2DayIs4Me August 17th, 2005 | Link | Good choice. FWIW, I took a
Good choice. FWIW, I took a full load of college classes last year (in addition to working F/T) and *everyone* refused to sit at those grade-school-style desks. Adults have purses, briefcases, backpacks, laptop computers, etc. Those little grade-school-style desks are completely inappropriate for ALL adult learners these days. The college was in the middle of a remodeling project and after 2-1/2 weeks of ALL students (who were able) either standing throughout the class or sitting on the floor (in protest of inadequate desks), the college decided to order new tables and workstations for ALL classrooms -- No More silly little grade-school desks for ANYONE! BTW, many of the instructors were sympathetic, and adjourned their classes to a local coffeeshop, or to the cafeteria, or someplace that had adequate space for ADULTS to spread out their materials and work comfortably (something that embarrassed college officials, and made them worry about insurance liability, which probably speeded up their decision to order better workspace for students).

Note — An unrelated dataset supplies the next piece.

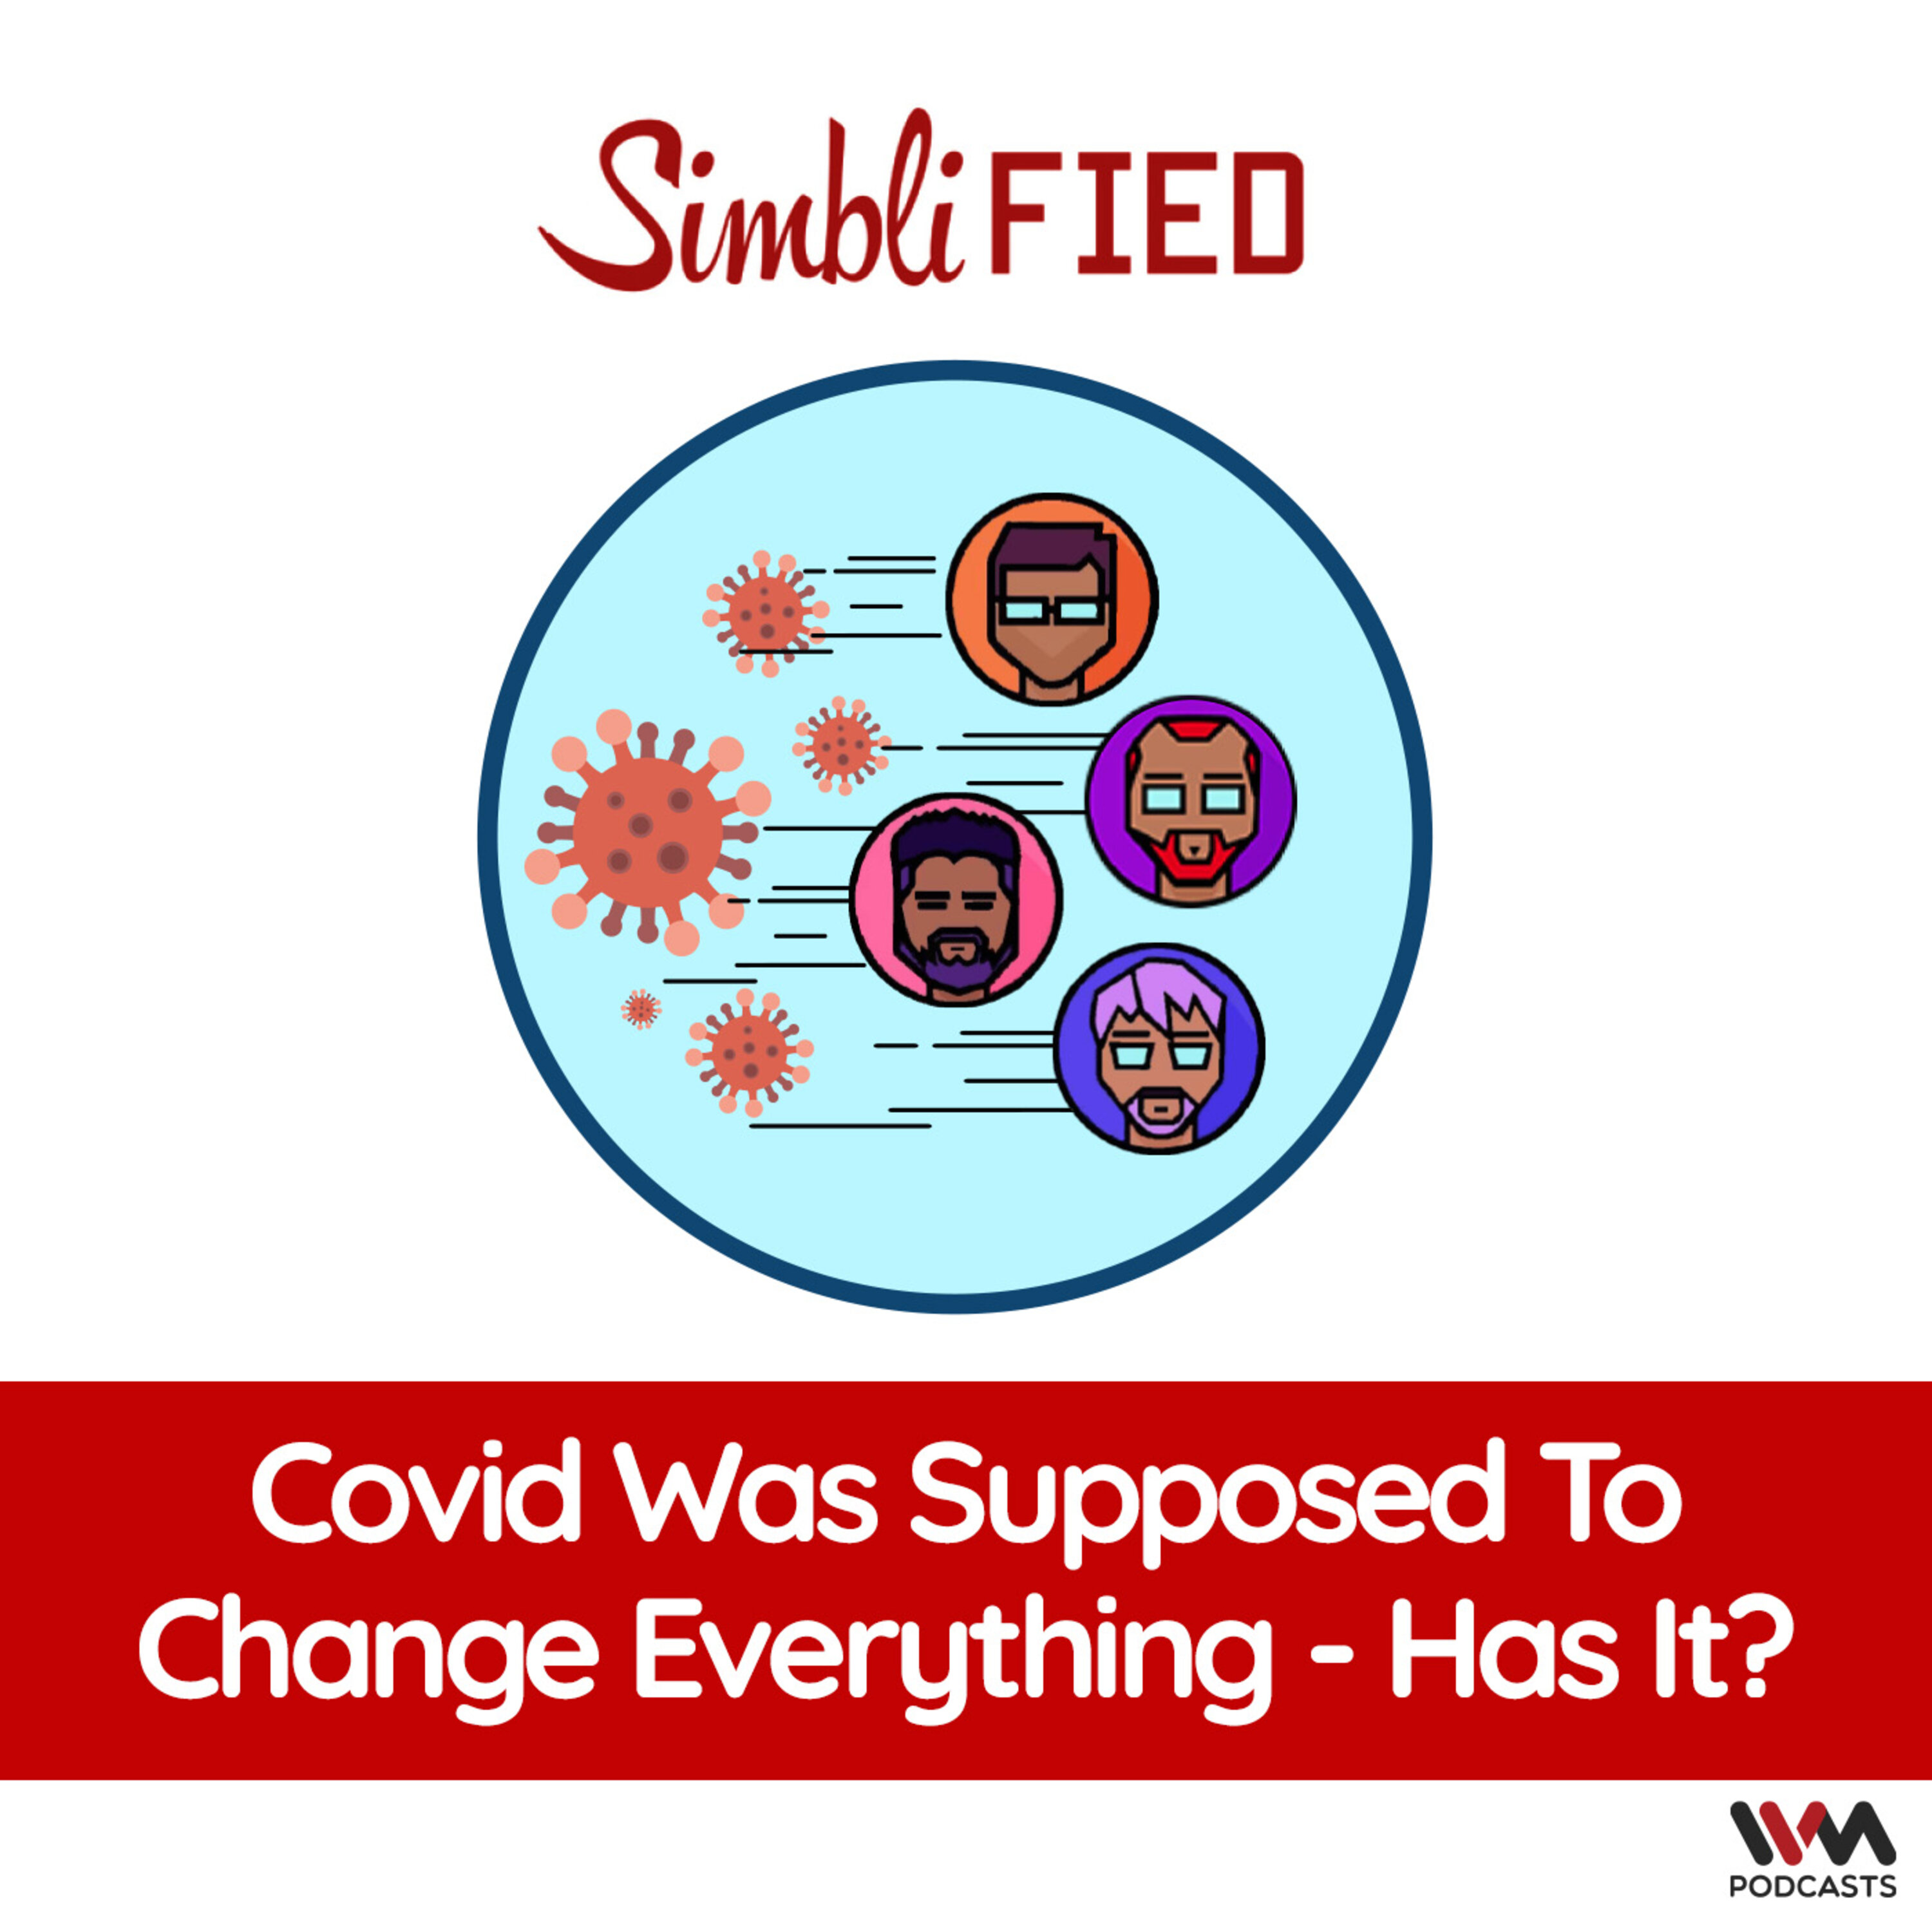 Covid was supposed to change everything - has it?

thelmarose August 17th, 2005 | Link | You know, jujube, I'll bet
You know, jujube, I'll bet most people in the class wouldn't even realize why you were sitting at the table. It never really dawned on me until fairly recently (when it started happening to me) that people have trouble fitting into booths, desks, etc. And most of the other students are probably too worried about their own bodies and how they "need to lose 10 pounds" to think too much about you, anyway. At least, that's what I was like as a college student.